Comment by Paul Graydon on August 7, 2009 at 2:16pm
Here's a very interesting take I read on the whole App Store pain the other day:
http://factoryjoe.com/blog/2009/08/01/steve-jobs-hates-the-appstore/
Comment by Paul Graydon on August 6, 2009 at 9:26am
I dislike the idea of closed software & closed hardware, so I avoid Apple like the plague. Which is a shame because they really do have probably the best idea of how an OS should be presented to an end user.

That and their ongoing rather bizarre and arbitrary application approval process only continues to make me glad I haven't got an iPhone. That they rejected the Google Voice application didnt' surprise me in the least. After all they blocked an e-reader application that enabled you to read Project Gutenberg books, because it allowed you to read the Karma Sutra. Just like their web browser allows you to do if you go to the Project Gutenberg site...

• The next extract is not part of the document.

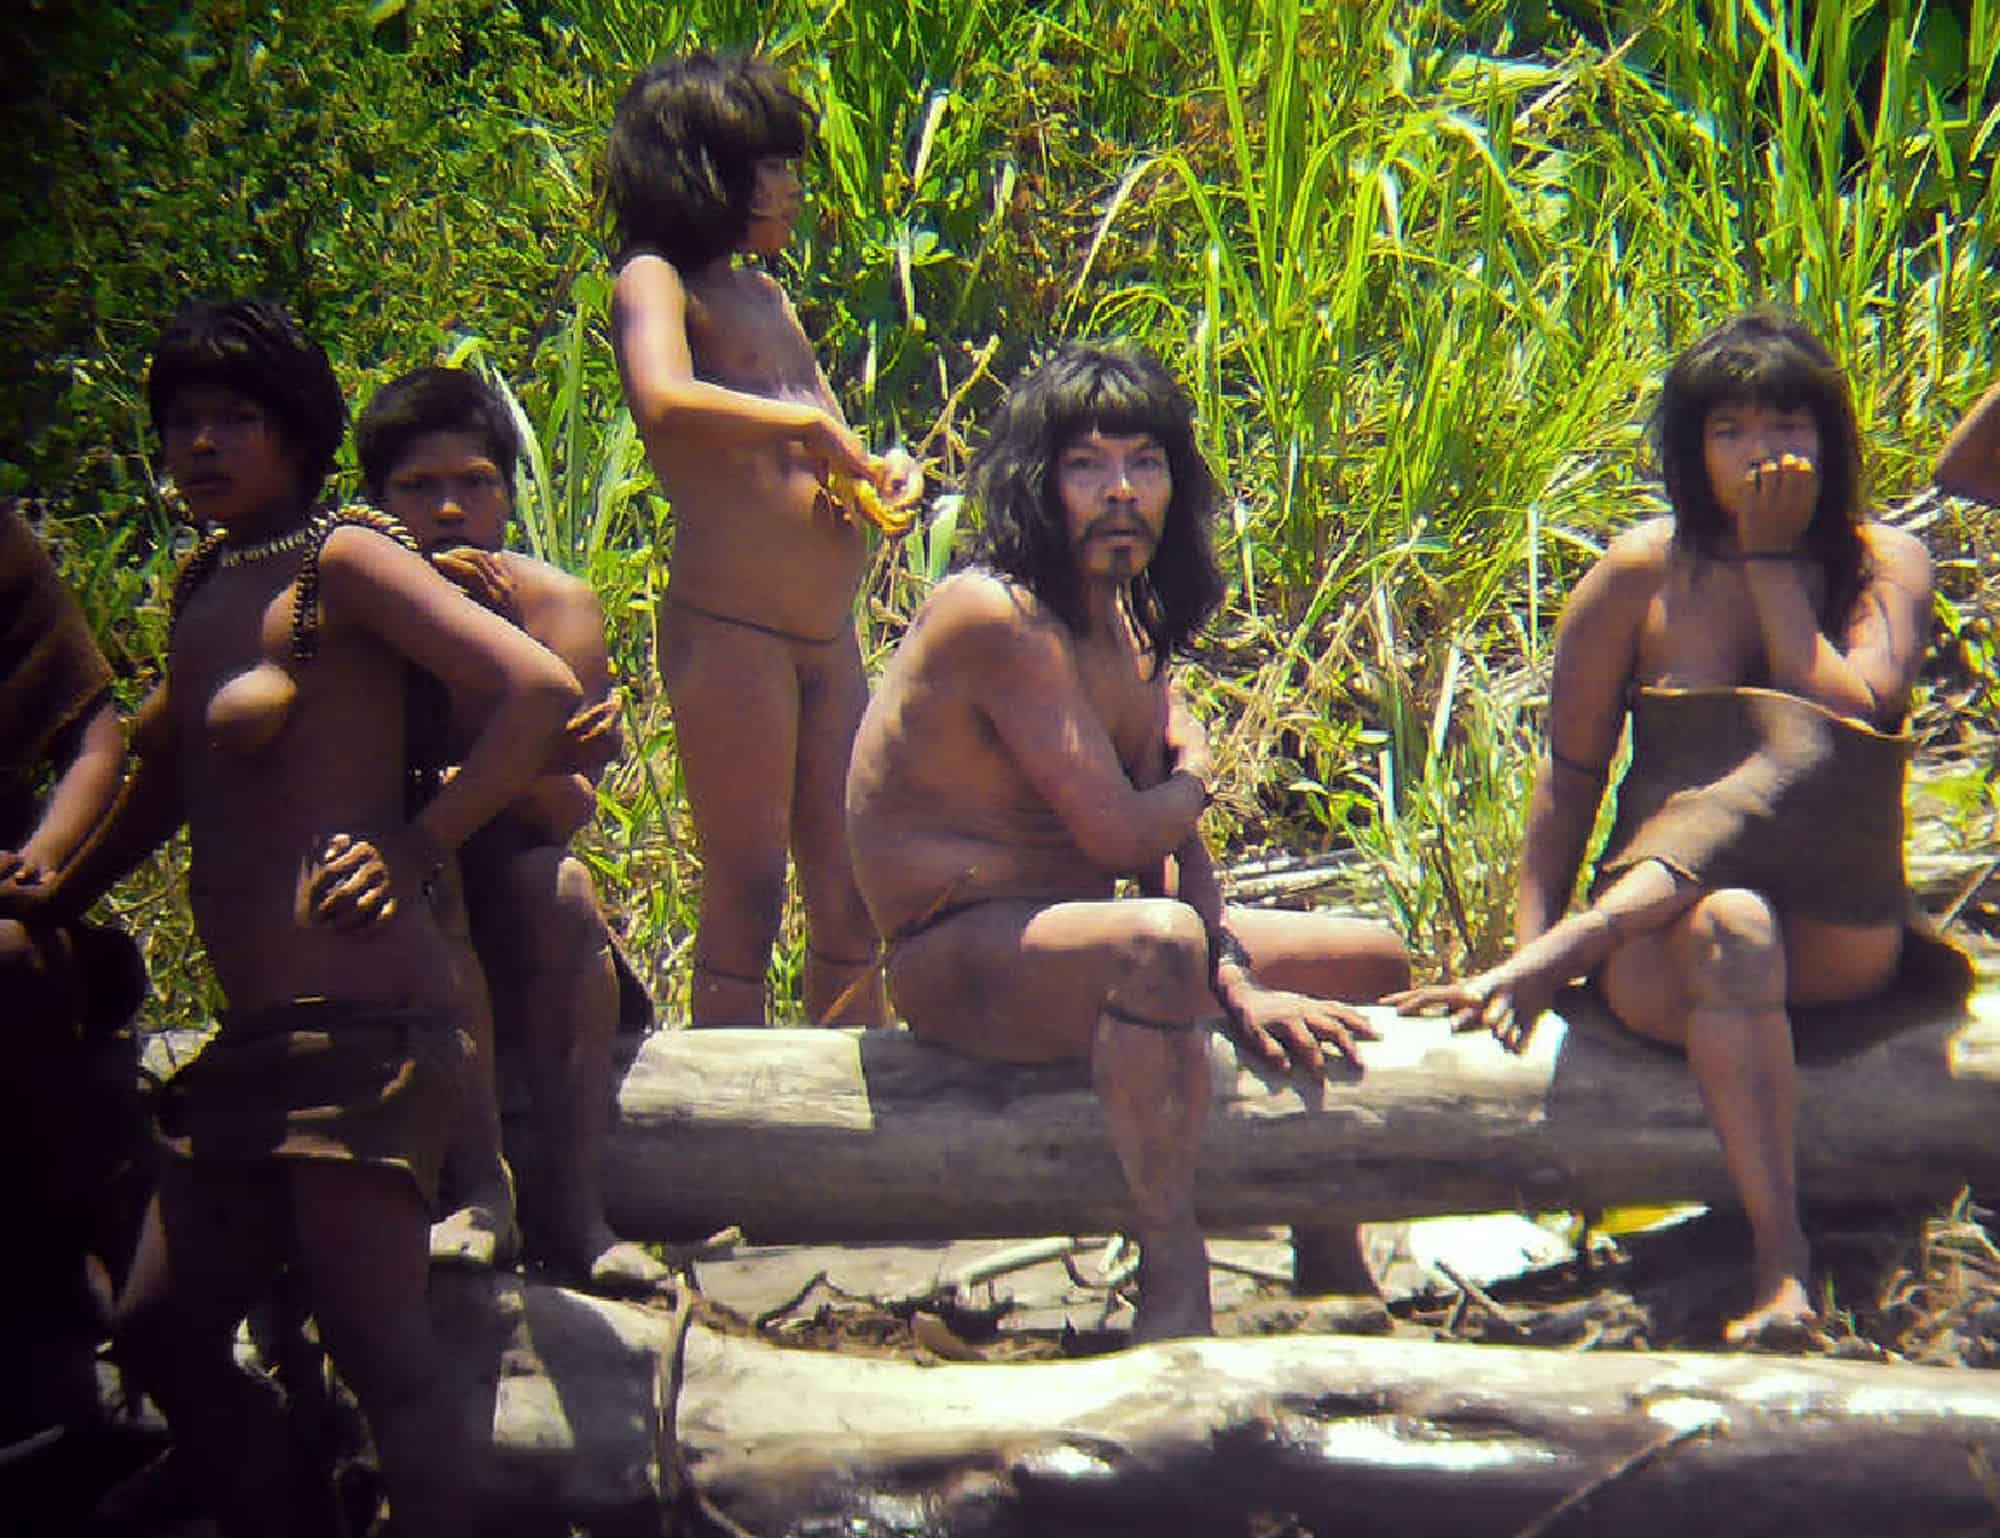 A family of the Mashco-Piro tribe somewhere in the southeastern Peruvian jungle.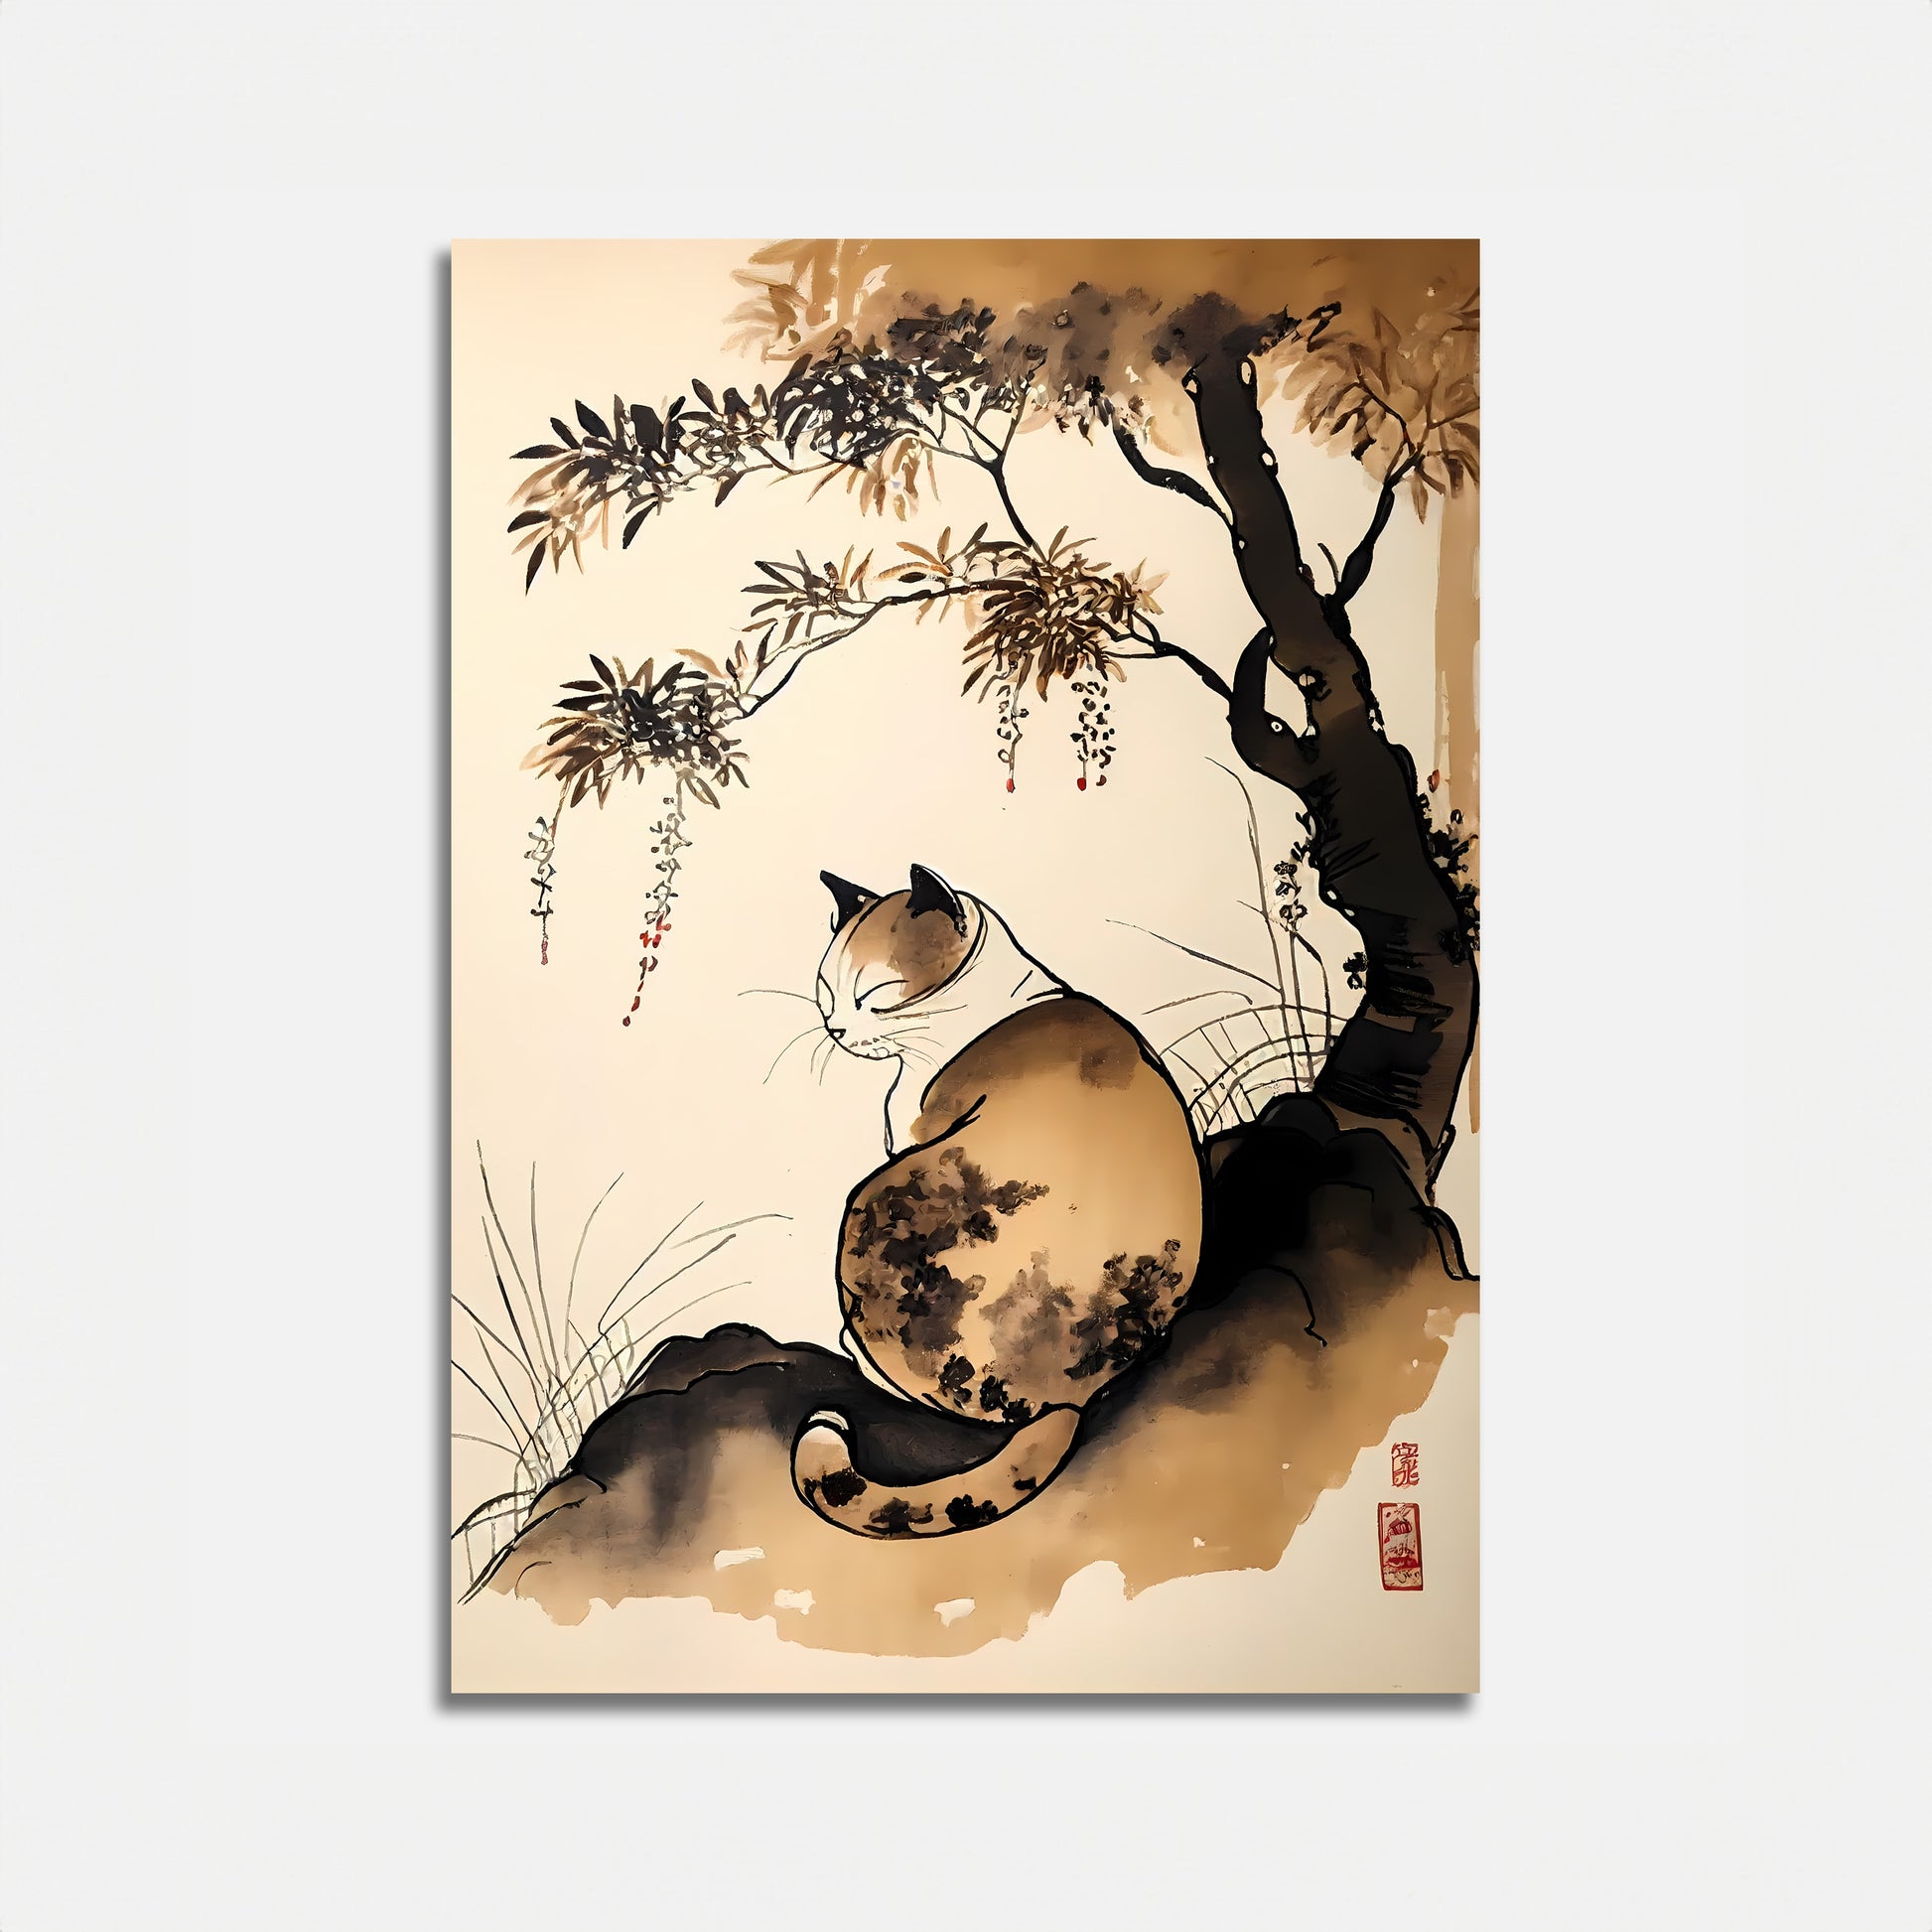 A traditional Asian ink painting of a cat sitting under a tree.

It wouldn't surprise me to find AT&T had some involvement in the rejection process, their non-denial denial smacks of politician style evasion. They weren't lying, they just weren't actually telling you anything at all. AT&T along with a number of telco's seem to have failed to grasp that what they have been providing from day one is not a voice system, but an information system. The predominant medium has been voice but its always been about getting meaningful data from one point to another. Whilst voice was predominant their business model and pricing structure made sense but it's always been just a matter of time until IP or computer data became just as significant, and their business model and pricing has failed to account for that or adapt to that.

BT, the main telecoms company in the UK, was surprisingly foresighted for them and identified at the turn of the millennium that their existing model of making money from calls, and their infrastructure itself, was rapidly going to be unsuited to the end users needs. They announced a new project, 21CN, that is focussed on replacing PSTN with an IP based solution, and altering pricing schemes to suit. Instead of routing calls, it's routing packets, something which can be done for cheaper and allow them to provide more advanced services (CDN style). I haven't heard much of an update on 21CN since I left my last job at an ISP in the UK, but they were hoping for a 50% switchover to the new platform by the end of last year!